ABOUT THIS EXERCISE:
The output must consist only of the lines from the one with "Sending bike to" through the end of the listing, restated exactly and free of pictures.

PROVIDED DATA:
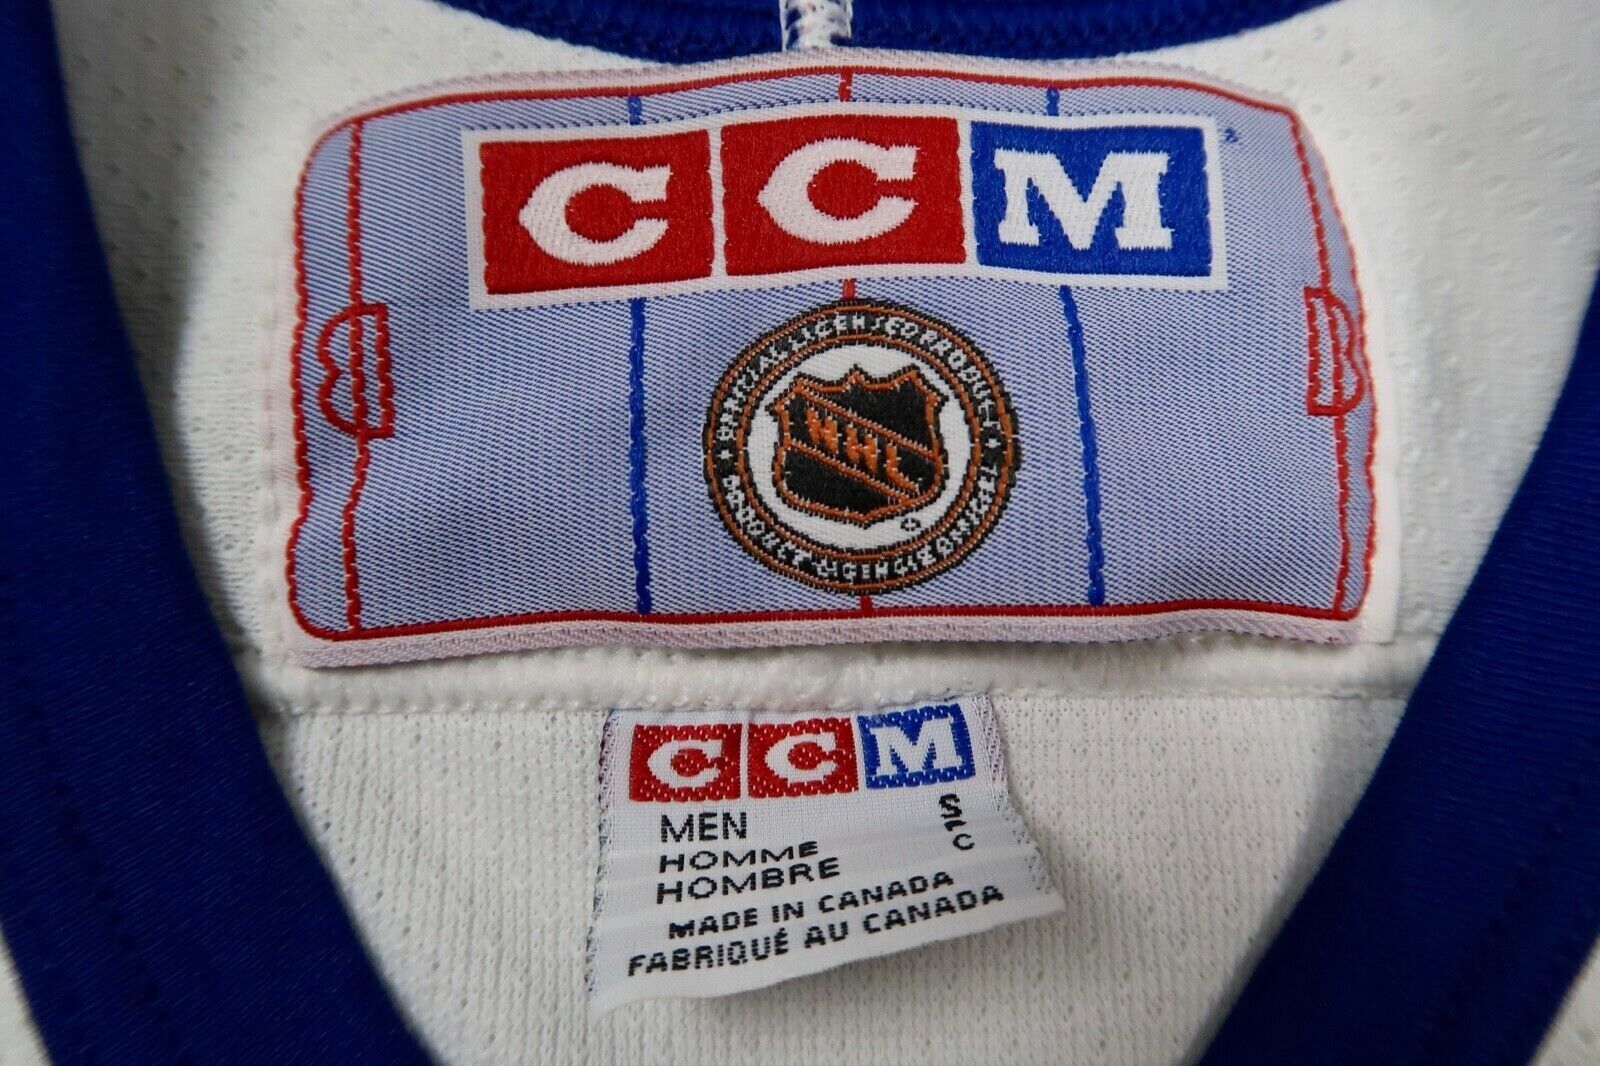 Ccm VTG 1998 NHL All Star Game CCM Hockey Jersey Authentic Rare 90s Size US S / EU 44-46 / 1 - 3 Thumbnail
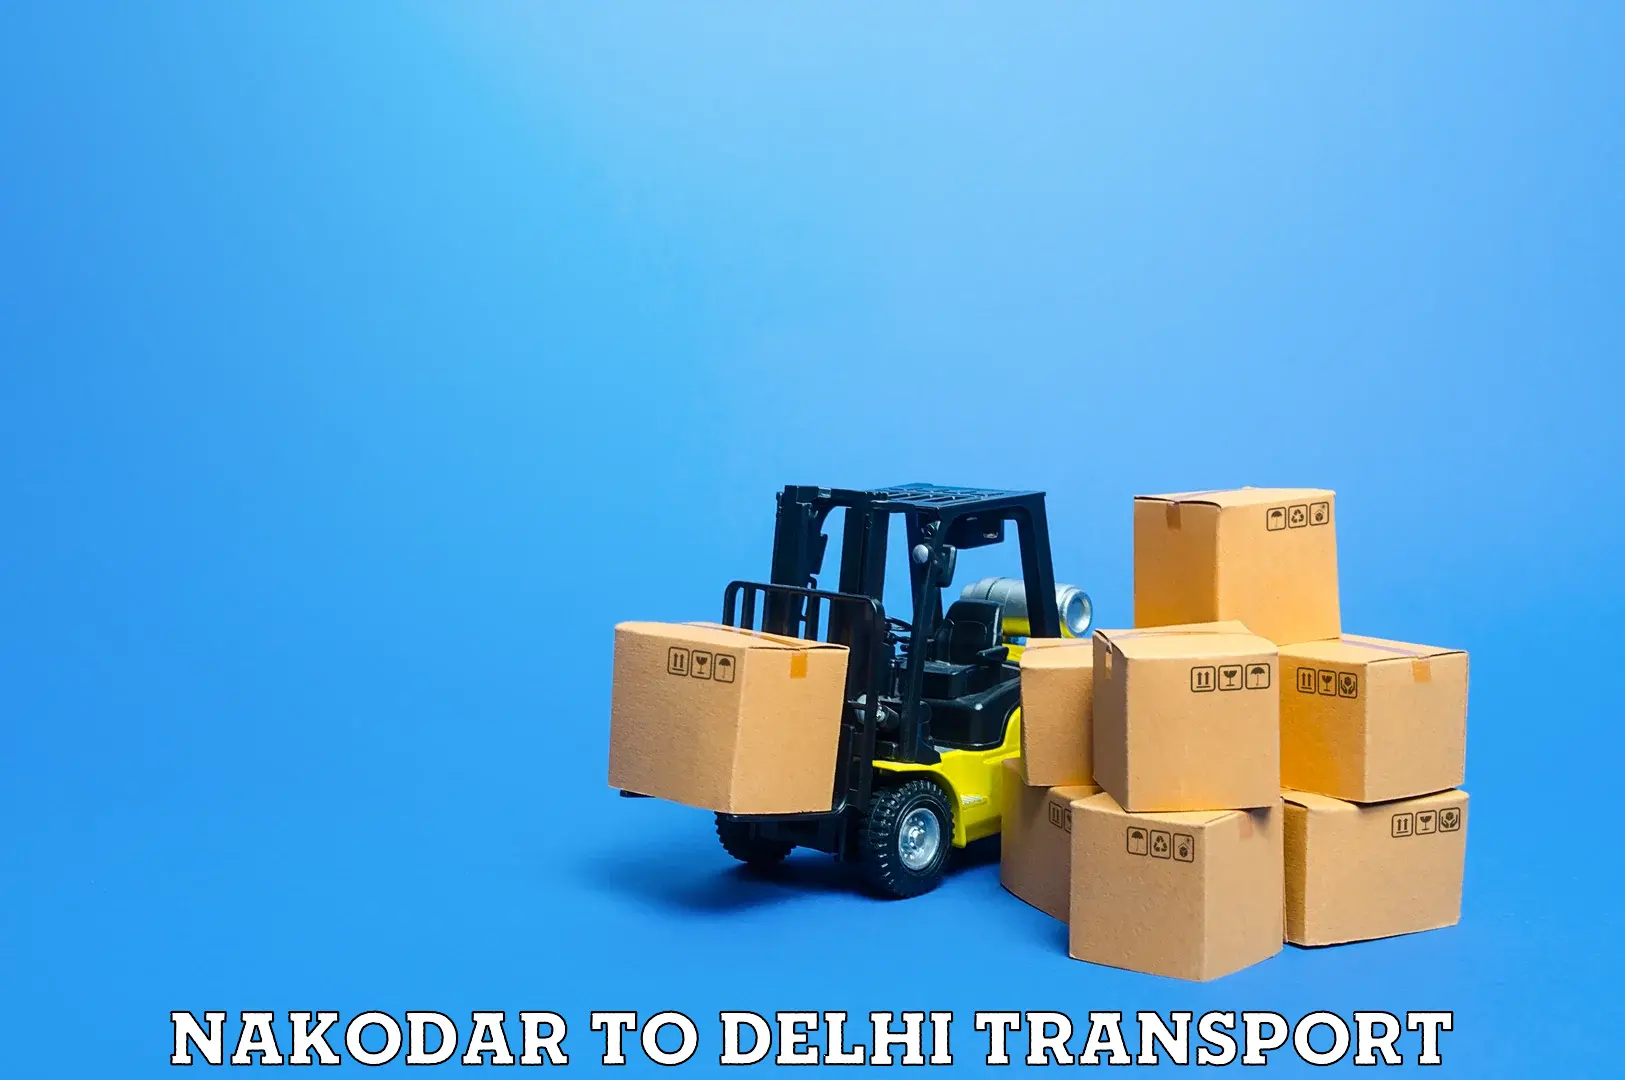 Sending bike to another city Nakodar to Delhi
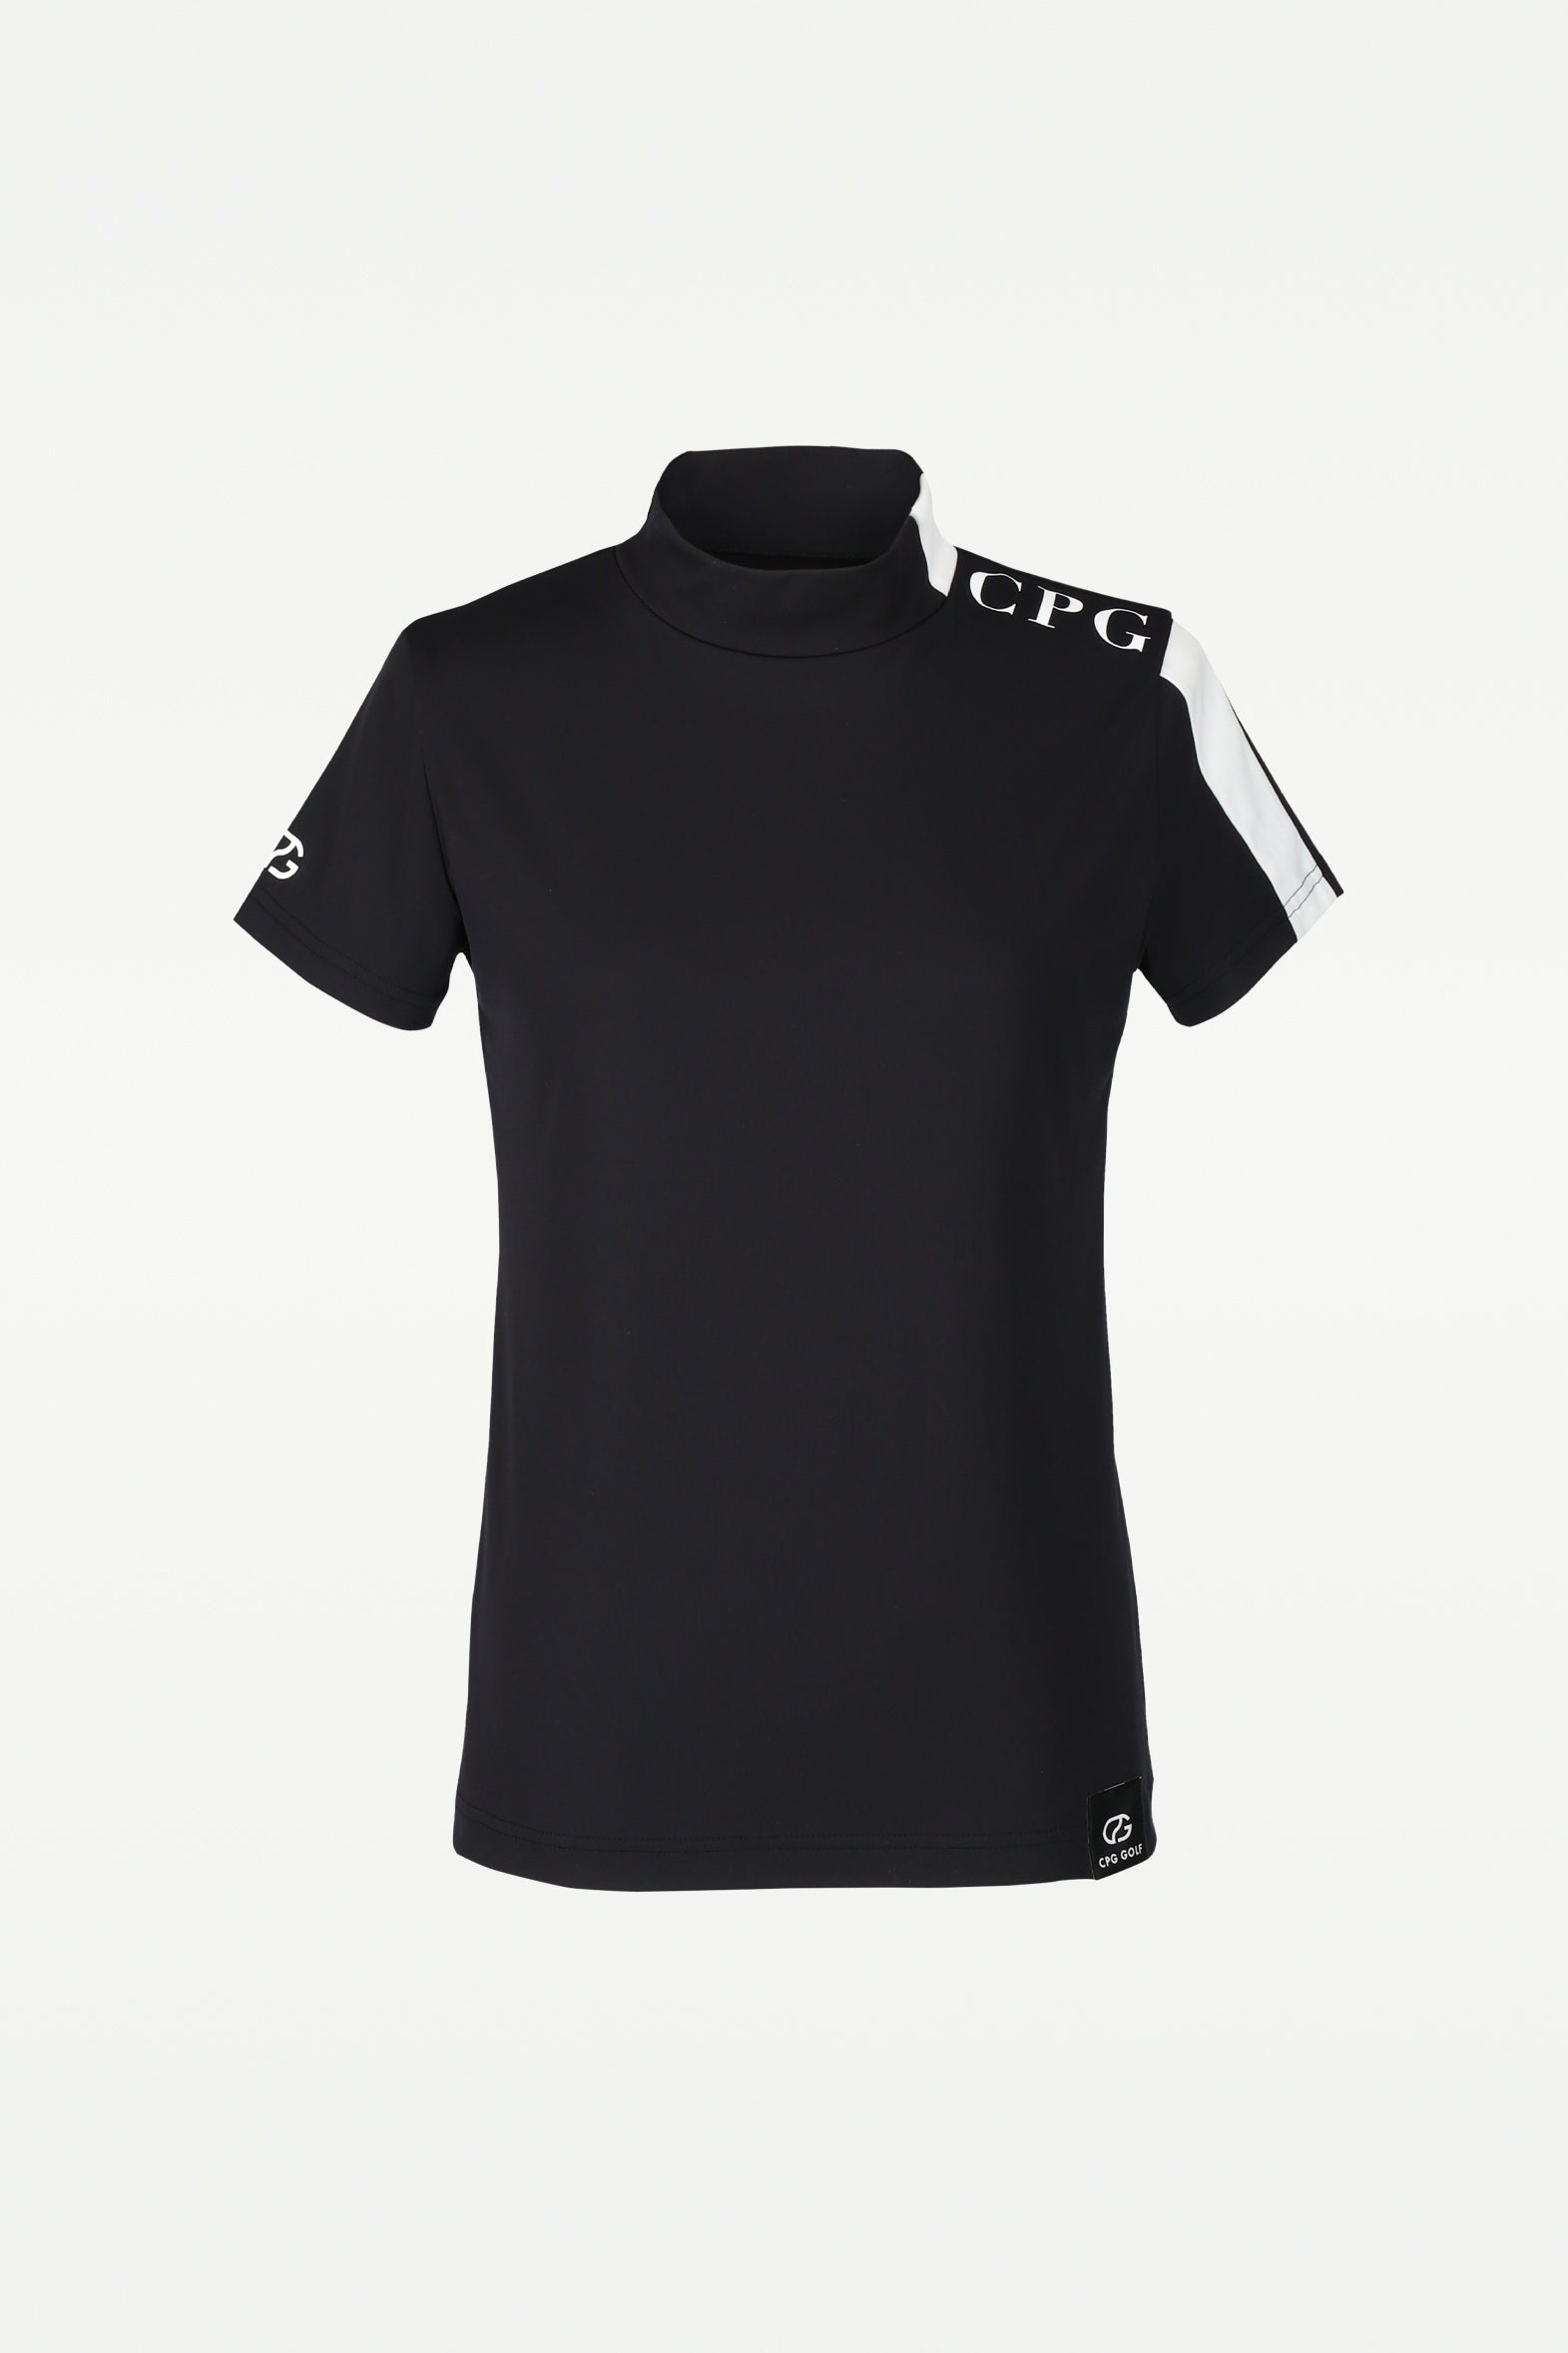 CPG GOLF シーピージーゴルフ ゴルフウェア レディース Tシャツ 半袖

TASK ANSWER:
 Sending bike to another city Nakodar to Delhi
 CPG GOLF シーピージーゴルフ ゴルフウェア レディース Tシャツ 半袖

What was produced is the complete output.